Material shown:

· · · ·

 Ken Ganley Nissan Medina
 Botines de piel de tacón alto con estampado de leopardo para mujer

· · · ·

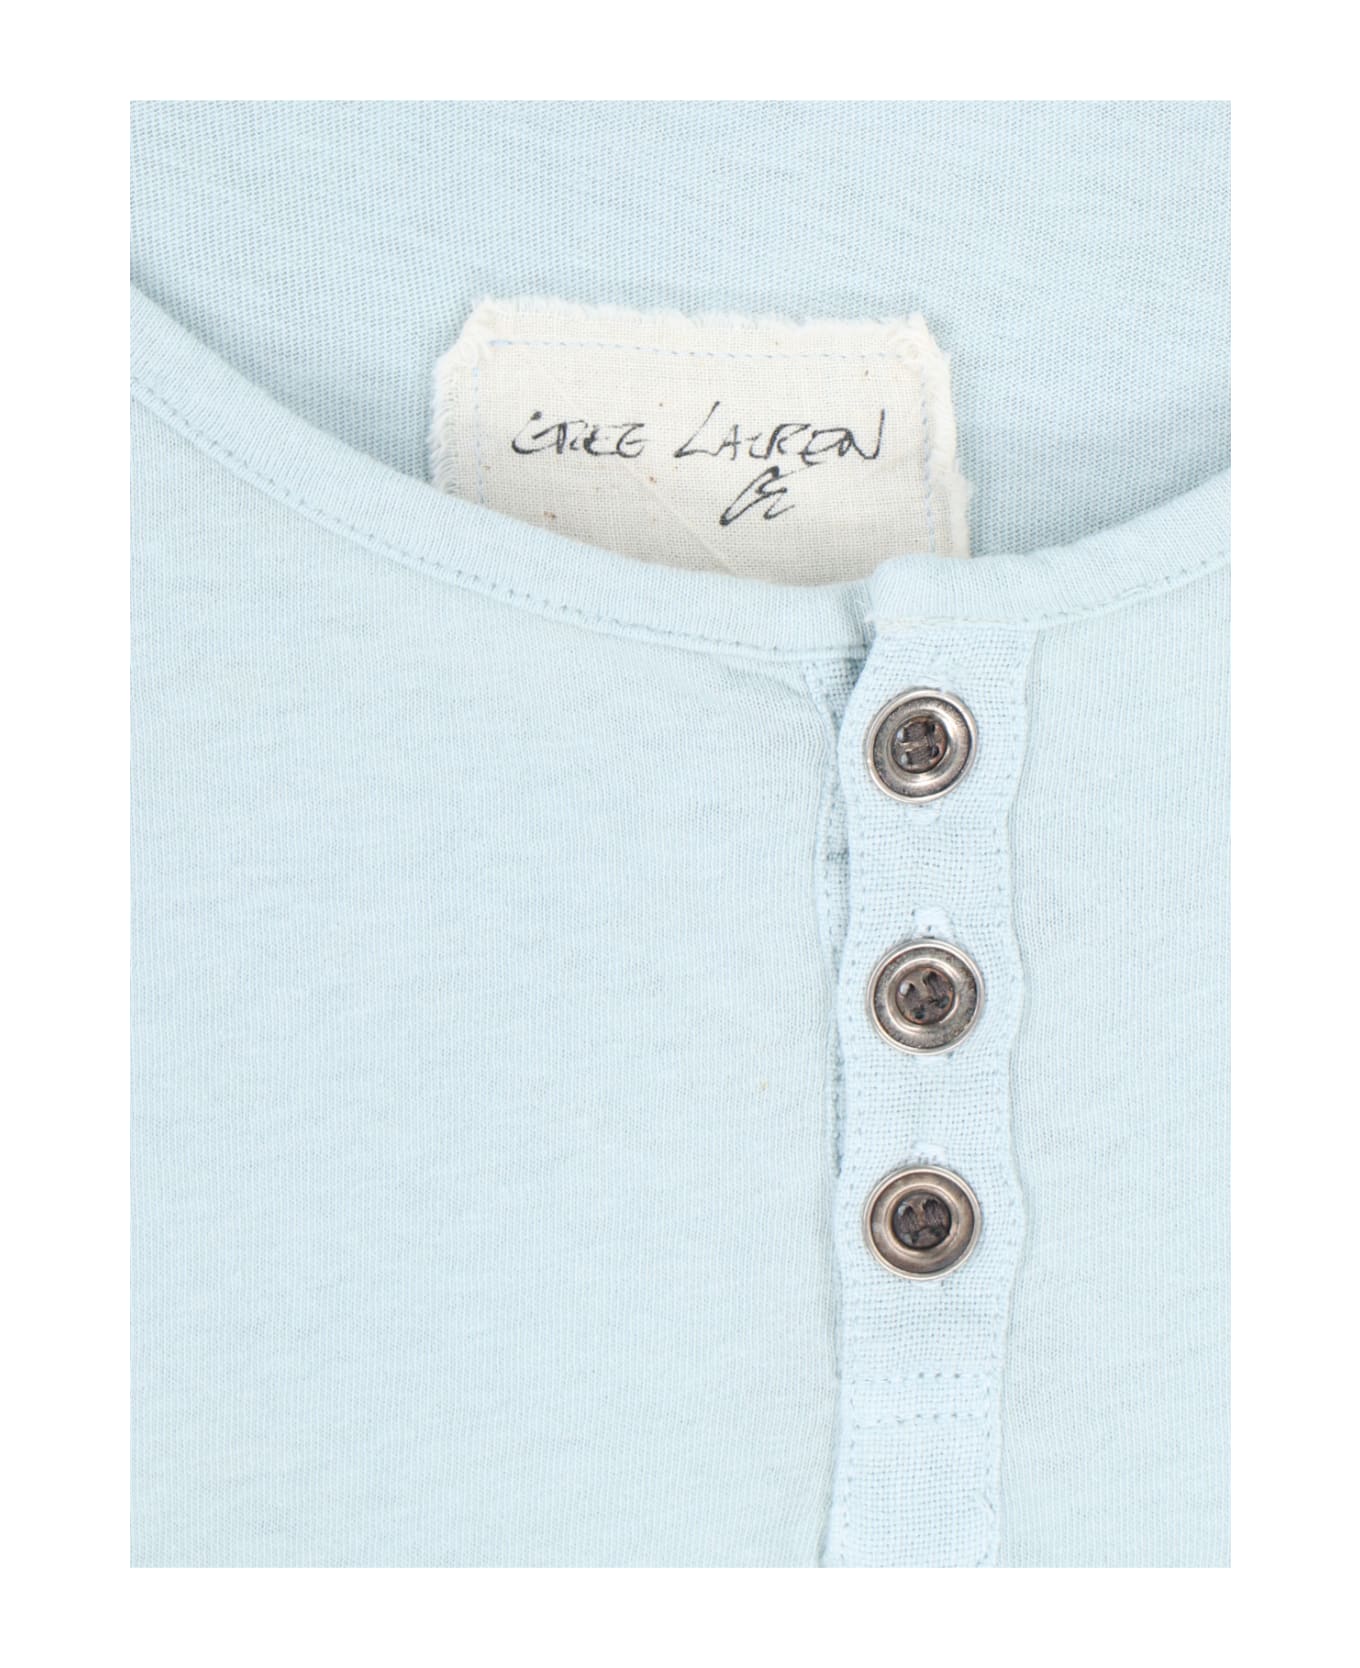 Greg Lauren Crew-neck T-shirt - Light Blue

· · · ·

Directions for this task:
Find the line with "Ken Ganley Nissan Medina" in the material above. Reproduce it and each line after it up to and including the line with "Botines de piel".

Completed exercise:
 Ken Ganley Nissan Medina
 Botines de piel de tacón alto con estampado de leopardo para mujer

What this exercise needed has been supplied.